Das Wort ist in aller Munde, wir sollen uns alle selbst organisieren, um schneller, besser und innovativer zu werden. Die Arbeit soll Spaß machen, Hierarchien abgebaut und (agile) Teams auf Augenhöhe und in Zusammenarbeit mit dem Kunden den Wandel hin zu Spitzenleistung gestalten.

So weit so gut. Was bedeutet denn eigentlich „Selbstorganisation“? Ein Aspekt ist die Entscheidungskultur: das Team entscheidet über Sachverhalte, die klassisch der Hierarchie vorbehalten sind. Dies war auch ein Thema mit dem wir uns im Rahmen einer Abteilungsklausur auseinandergesetzt haben:

Zum Beispiel die Stellenbesetzung: Darf das Team (mit)entscheiden, wer zu welchem Team zugeordnet wird? Oder darf ich als Mitarbeiter mich selbst einem Team zur Mitarbeit anbieten? Kann dieses selbst entscheiden, ob die Zusammenarbeit dem Auftrag zu Gute kommt?

Oder das Team Budget: dürfen wir über dieses frei verfügen, ohne zusätzliches Einholen von Genehmigungen?
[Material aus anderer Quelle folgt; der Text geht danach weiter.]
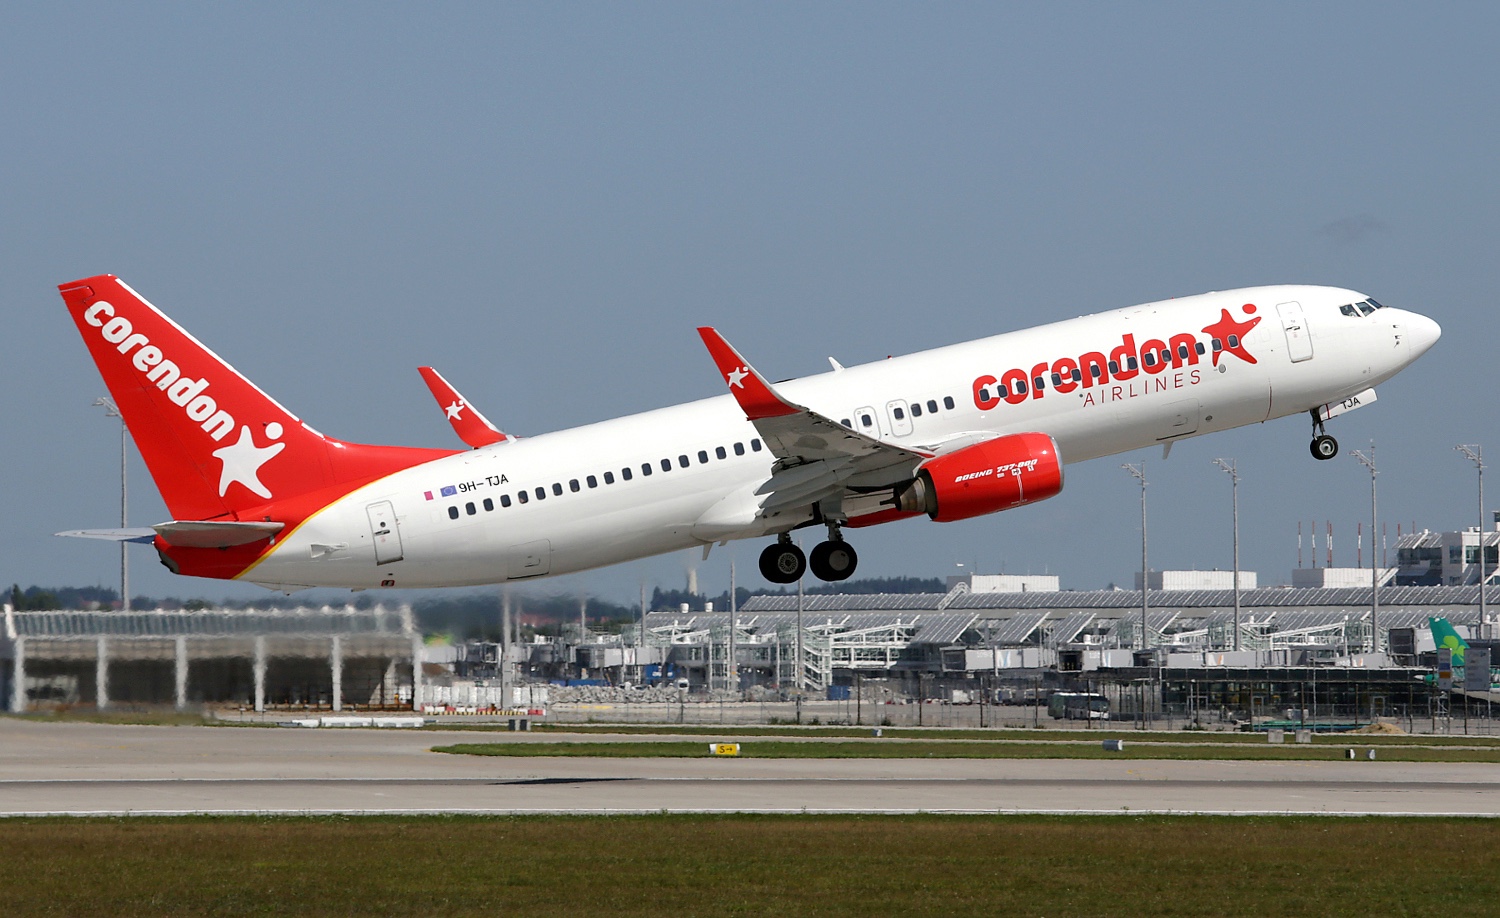 Corendon Airlines, Linkedin Türkiye’nin en iyi şirketlerinden biri oldu
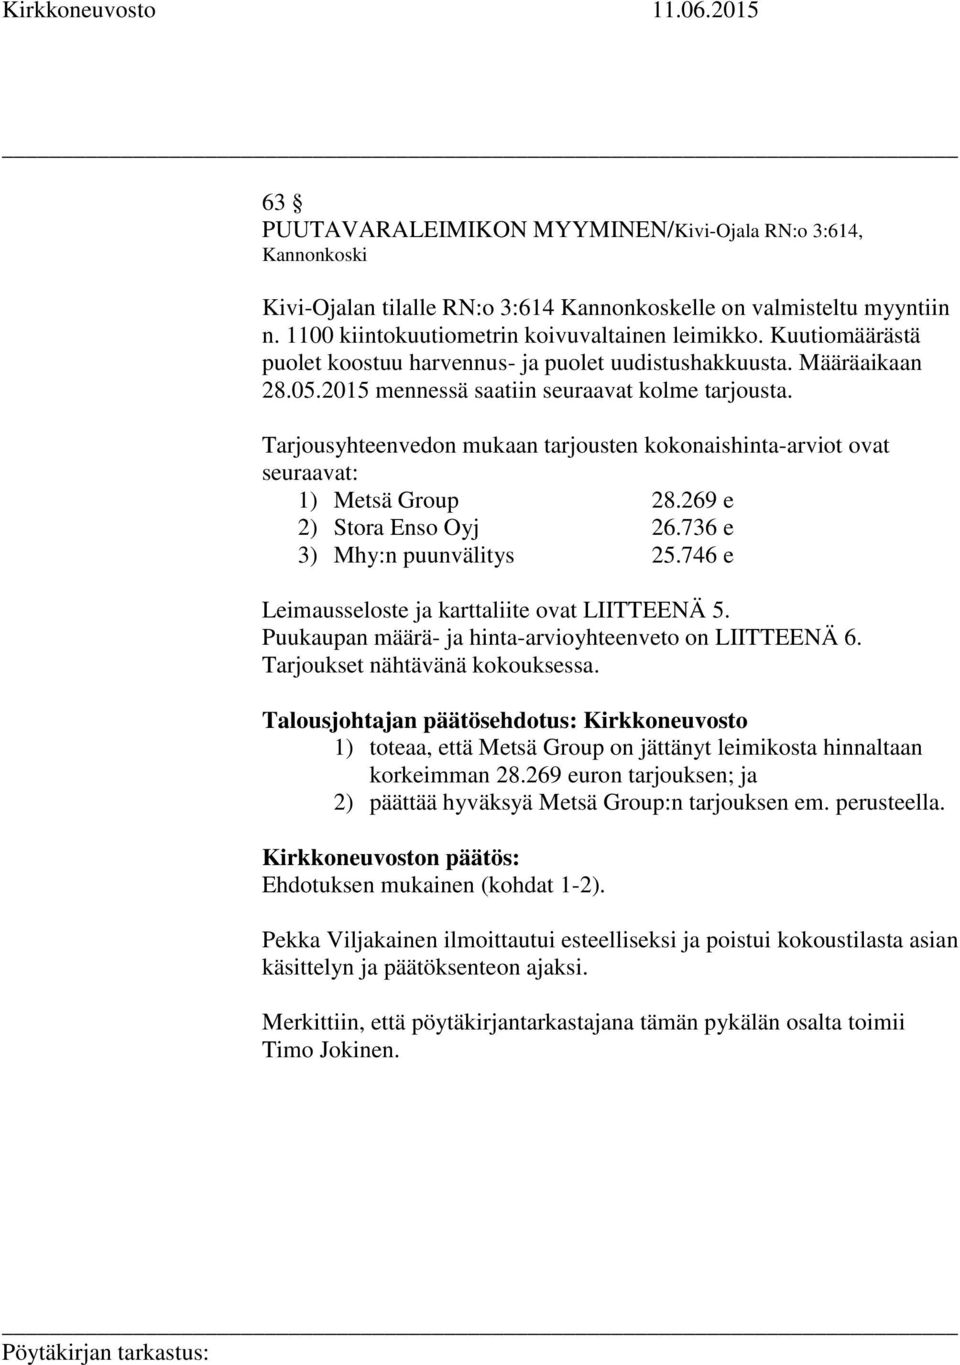 Tarjousyhteenvedon mukaan tarjousten kokonaishinta-arviot ovat seuraavat: 1) Metsä Group 28.269 e 2) Stora Enso Oyj 26.736 e 3) Mhy:n puunvälitys 25.
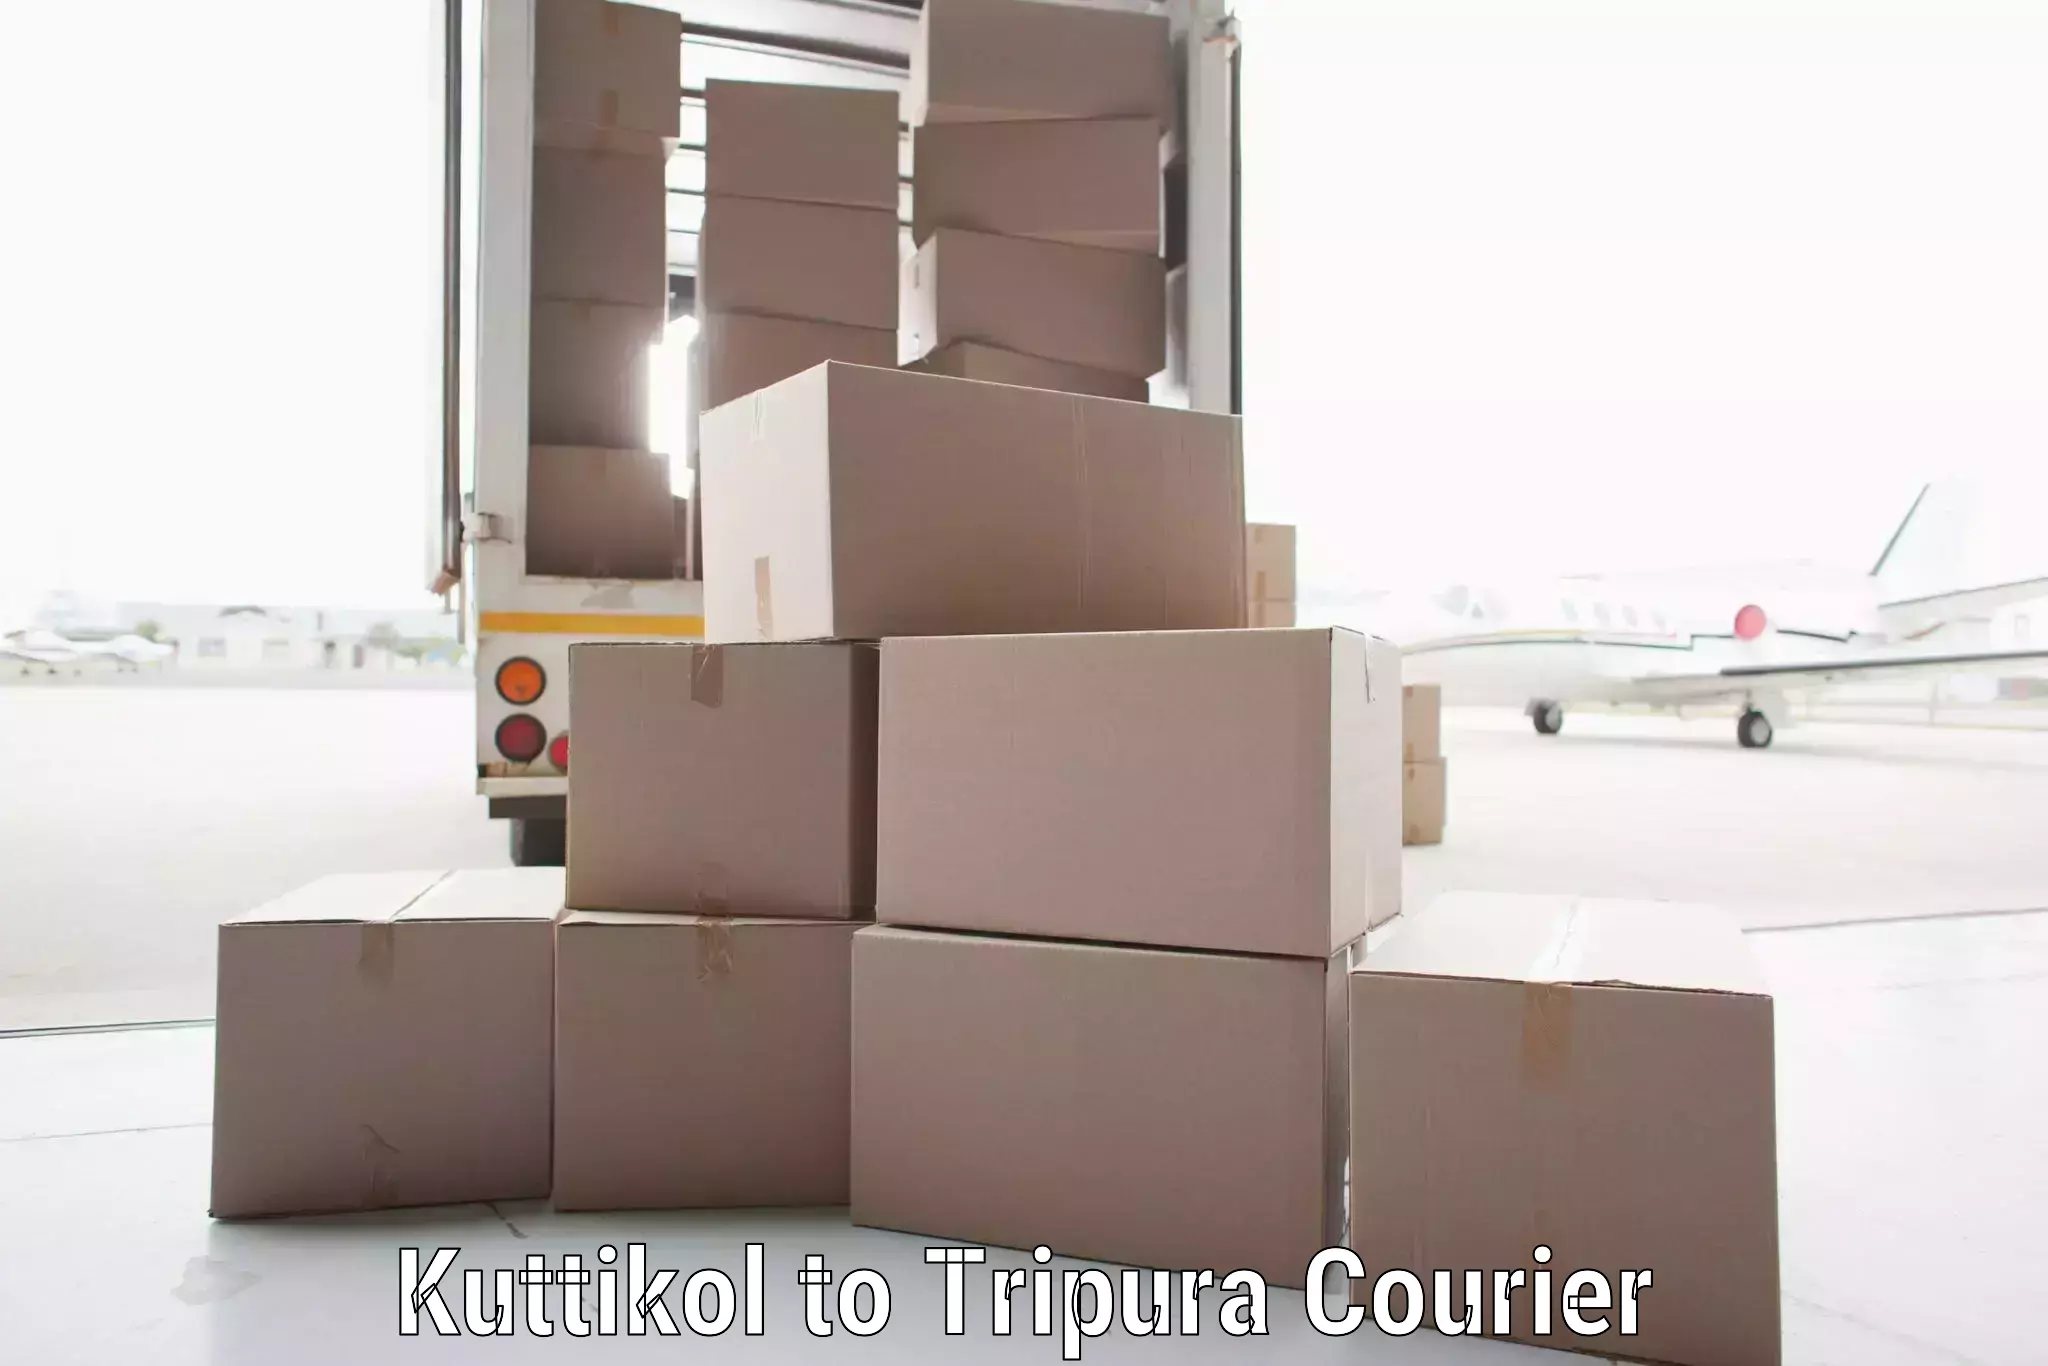 Efficient freight service Kuttikol to Dharmanagar
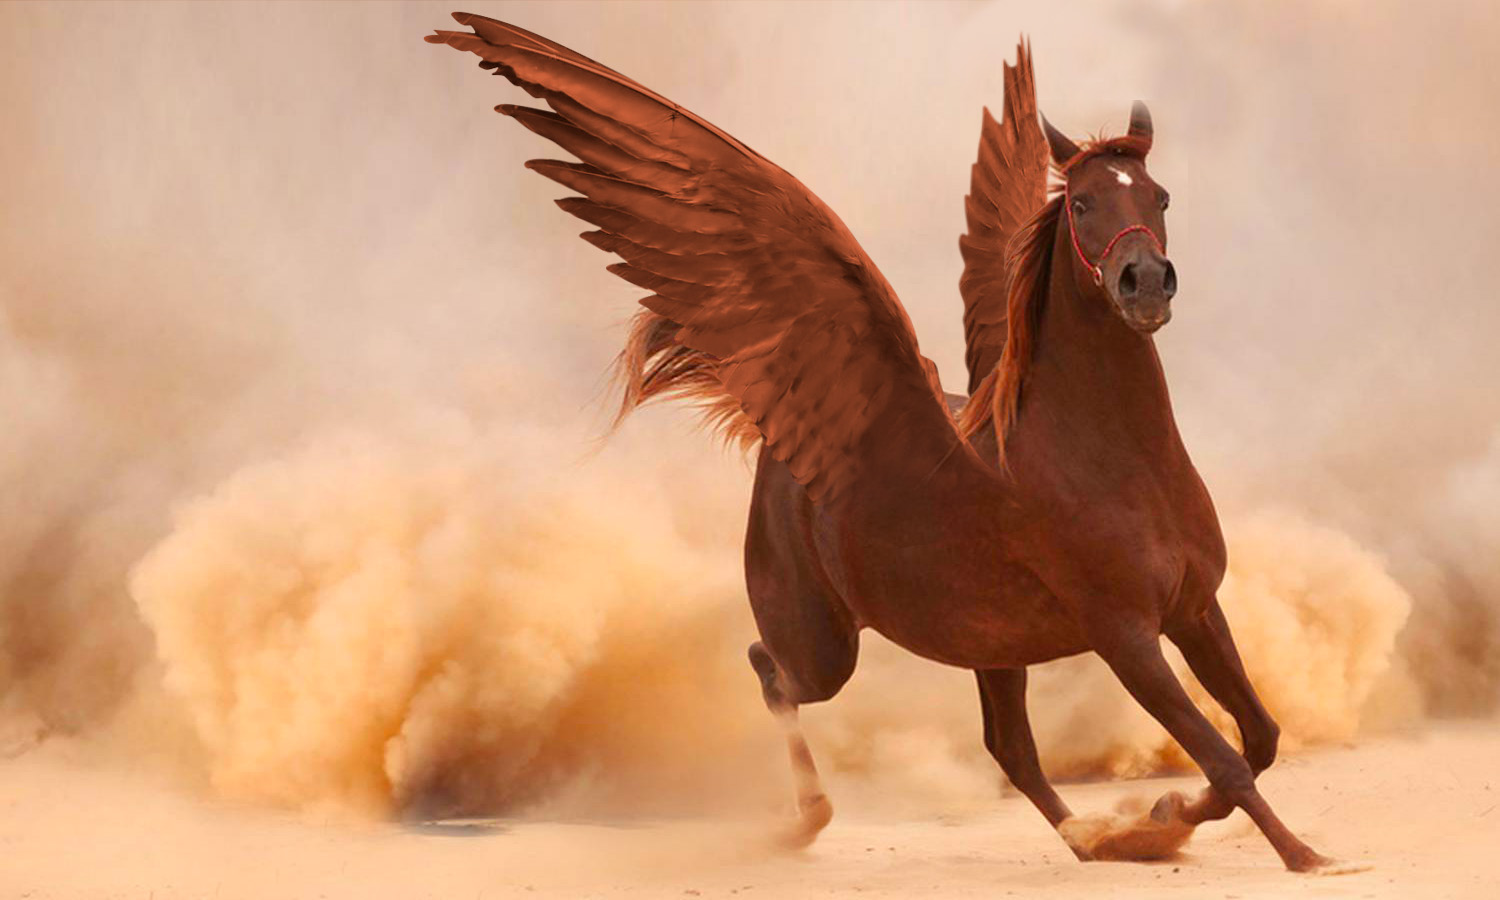 Edición en Photoshop: aquí está el resultado final, ¡tenemos un bonito caballo alado!

Welche Regeln gelten für die Entscheidungsfindung im Team als auch mit der hierfür verantwortlichen Führungskraft?

Dazu bedarf es klarer Vereinbarungen. Und Vertrauen. Und natürlich auch eines Veränderungsprozesses von der klassischen Vorgehensweise hin zur Selbstorganisation.

Wie kommen wir dorthin?

Ich habe hier ein gutes Beispiel, schaut Euch diese Doku auf YouTube an: https://youtu.be/YDXwLpkpJPA

2011 übernahm Stephan Heiler die Geschäftsführung des vom Vater aufgebauten Betriebs. In einem grundlegenden Veränderungsprozess baute er Schritt für Schritt gewachsene Hierarchien ab. Heute sind alle Mitarbeiter eingeladen, die Firma gemeinsam aktiv zu gestalten und daran zu wachsen. Der Prozess war und ist nicht einfach – alle Beteiligten müssen sich selbst reflektieren, Selbstverständlichkeiten hinterfragen und sich auf Neues einlassen. Und manch einer ist den Weg nicht mitgegangen.

 

Ob das in einem Konzern so auch möglich ist? Auch ein Konzern besteht aus kleinen überschaubaren Einheiten und viele Abteilungen haben Freiheiten, sich selbst zu organisieren. Dort wo es zu Reibung und Schwierigkeiten kommt ist der Konsens gefragt, die kritische Diskussion und Entscheidungsfindung im Sinne der guten nachhaltigen unternehmerischen Lösung, dem Business Value. Wir müssen nur mal anfangen und Muster brechen.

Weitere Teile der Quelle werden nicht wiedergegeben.